IT Home reported on October 2 that Meta recently released an artificial intelligence system that can generate short videos based on text prompts. IT Home learned that the system, called Make-A-Video, allows users to enter a series of words, such as "a dog wearing a superhero cost

2025/04/1911:14:34 technology 1825

IT Home October 2nd News, Meta recently released an artificial intelligence system, which can generate short videos based on text prompts.

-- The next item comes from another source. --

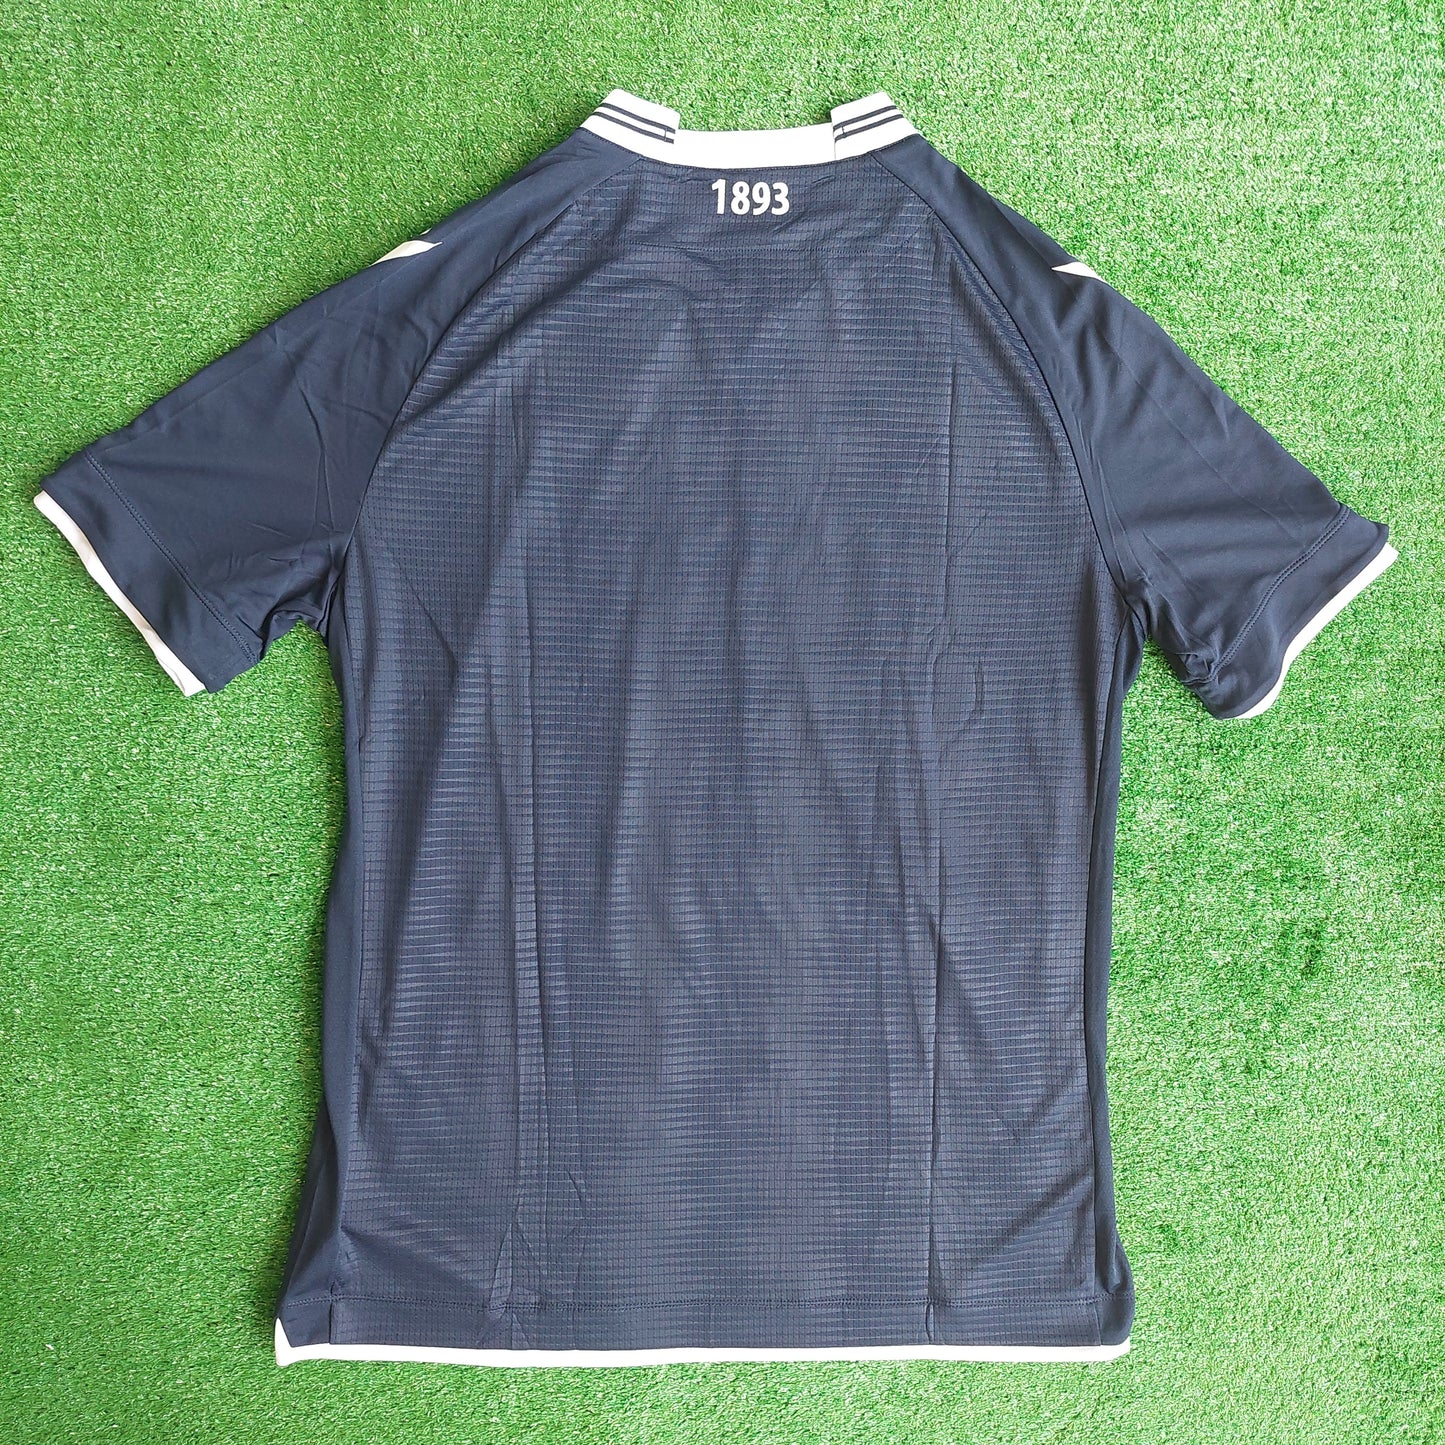 Dundee FC 2022/23 Home Shirt (BNWT) - Size XXL

IT Home reported on October 2 that Meta recently released an artificial intelligence system that can generate short videos based on text prompts. IT Home learned that the system, called Make-A-Video, allows users to enter a series of words, such as

IT Home learned that the system is called Make-A-Video, allowing users to enter a series of words, such as "a dog wearing a superhero costume and a red cloak flying in the sky", and then generate a five-second short video. Although the effect of

is quite rough, this system is obviously more advanced than the text to picture AI system.

Last month, AI lab OpenAI provided everyone with its latest text-to-image AI system, DALL-E, while AI startup Stability.AI launched Stable Diffusion, an open source text-to-image system.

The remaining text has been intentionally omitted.